Giant light bars give you useful visibly in foul weather and the pitch-black of remote trails. But let's be real; 99% of the time you can navigate the night just fine with the two headlights god gave you. Who cares, extra lights will instantly make your car look extra awesome.
I'm a grumpy old man, so I'm a fan of the old-school spotties. Round, not this newfangled squareshit you kids cram between Monster Energy stickers. (Actually, I finally got to use a rectangular LED light bar in the Mojave last week and it was like summoning the freaking sun.)
LEDs of course have many advantages over halogens; they use way less power, make less heat, and the flat ones give you less of an aerodynamic penalty at higher speed. I'll probably strike a compromise and get some round ones for my Scout when it finally comes to life. Or not, nothing wrong with decorating a lawn ornament right?

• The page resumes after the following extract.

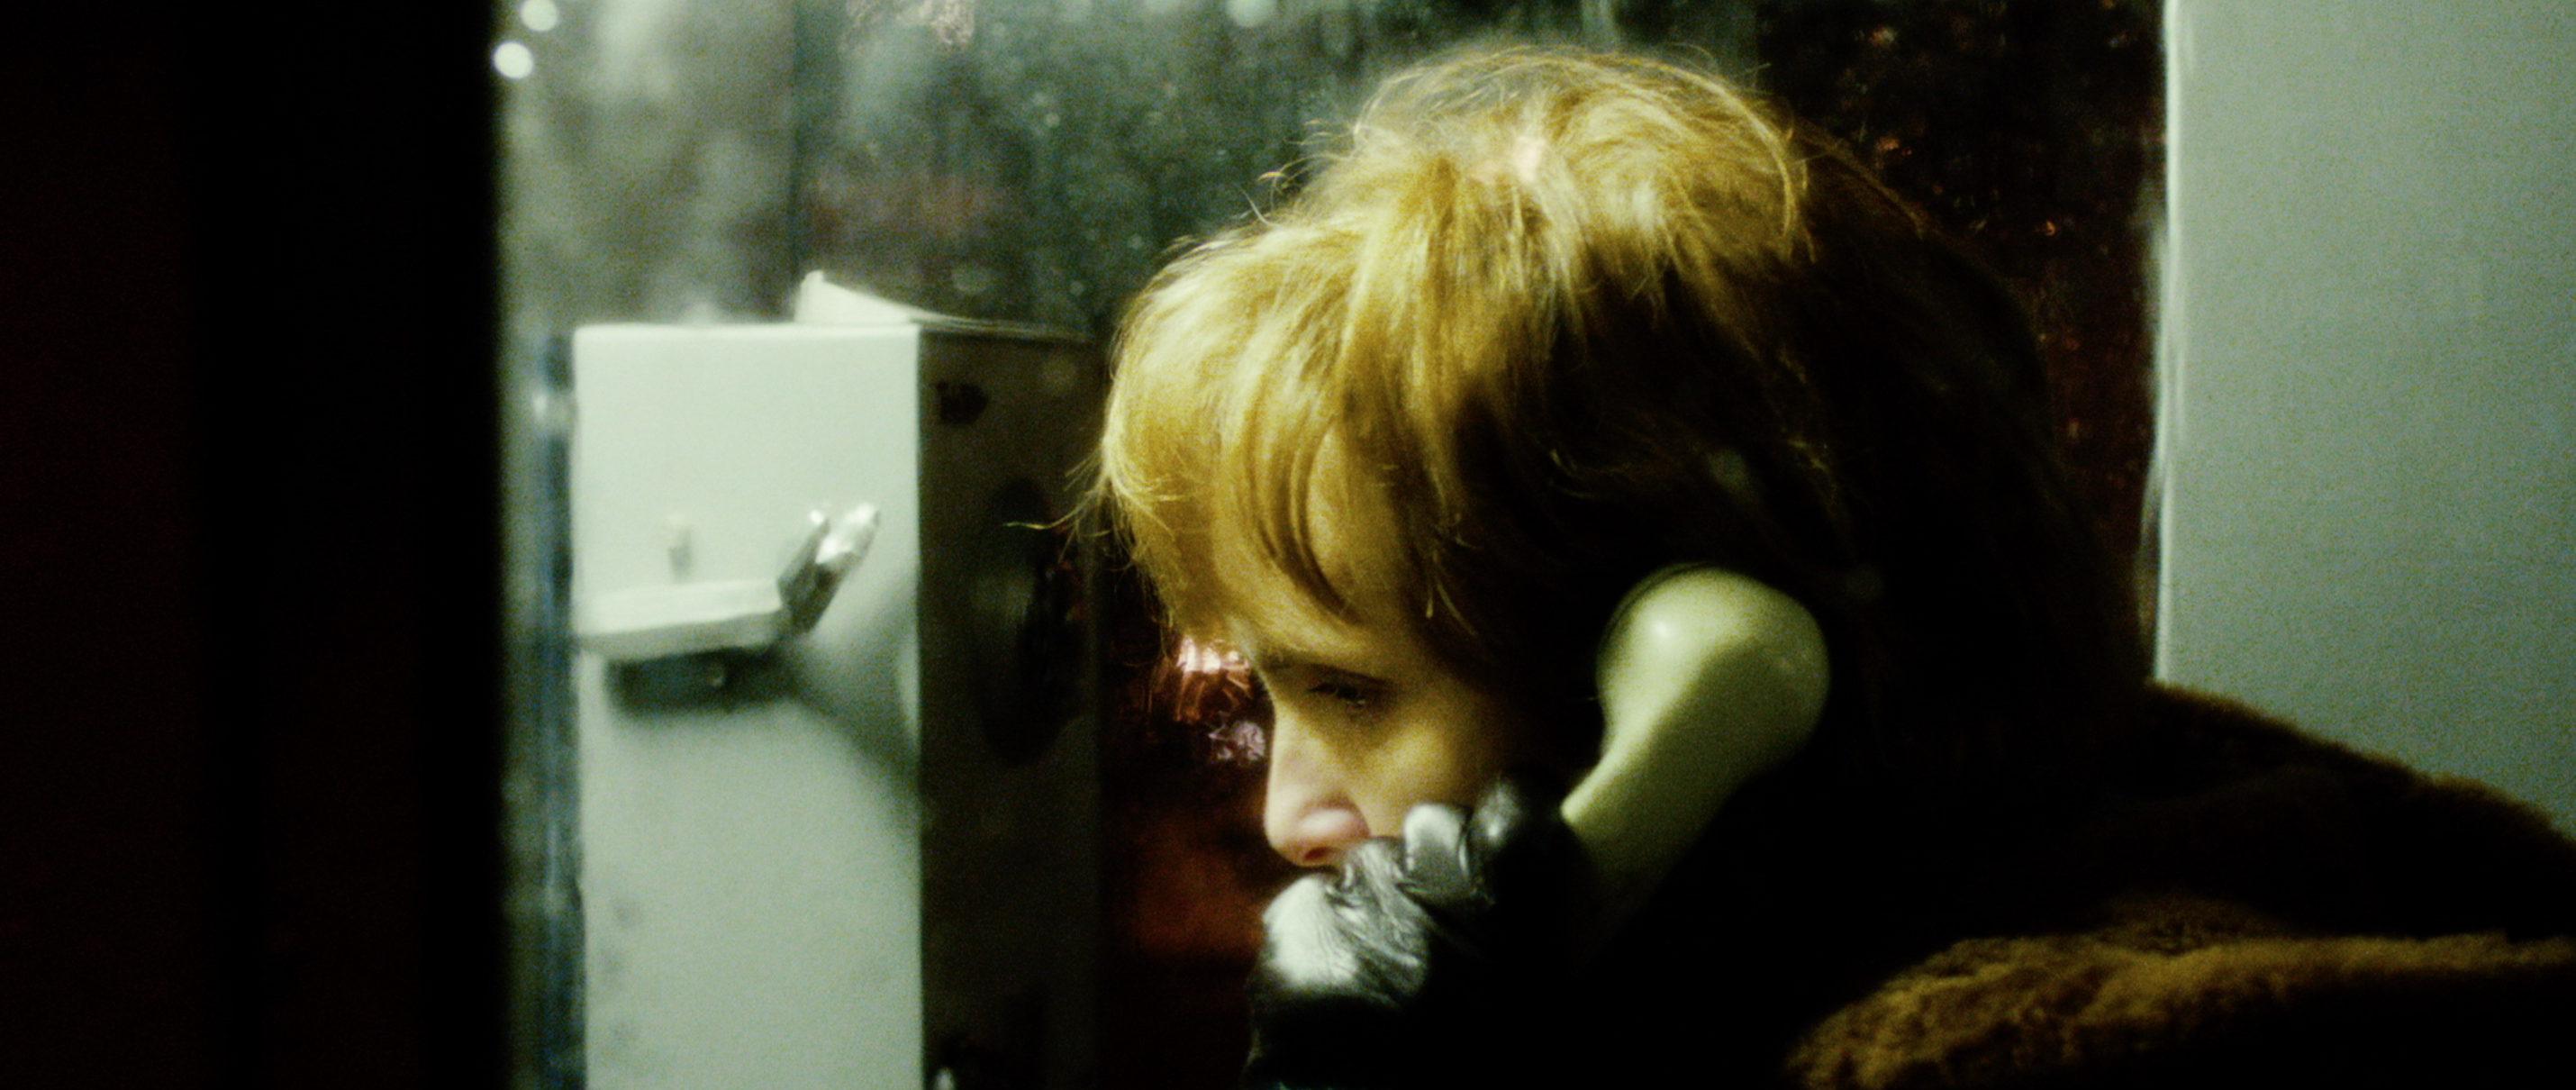 Zwei Leben - Two Lives - Katrine telefoniert - Regie Georg Maas - Regie und Kamera Judith Kaufmann

Can you go overboard with extra lights? Sure. But a coupe torches tucked into the front bumper, or best of all an extra rack of four across the top (homersimpsondrool.jpg) just looks boss.
Case in point, I submit my old Land Rover. Look how much cooler it got with $100 worth of Hellas and a few pieces of hardware!
Come on:
Kia knew they had to make their Trail'ster concept look cooler and off-roady but they didn't want to actually do anything. The solution? Toss a couple bigass lights on there! And you bet it worked:
Also an obviously improvement (thanks Jacob):
Even this is an upgrade:
Okay, this guy might be overdoing it:
(In that Wrangler's defense, it was a demo vehicle for an LED vendor.)
So bring on the counterpoints. And who's in for round versus square on extra lights?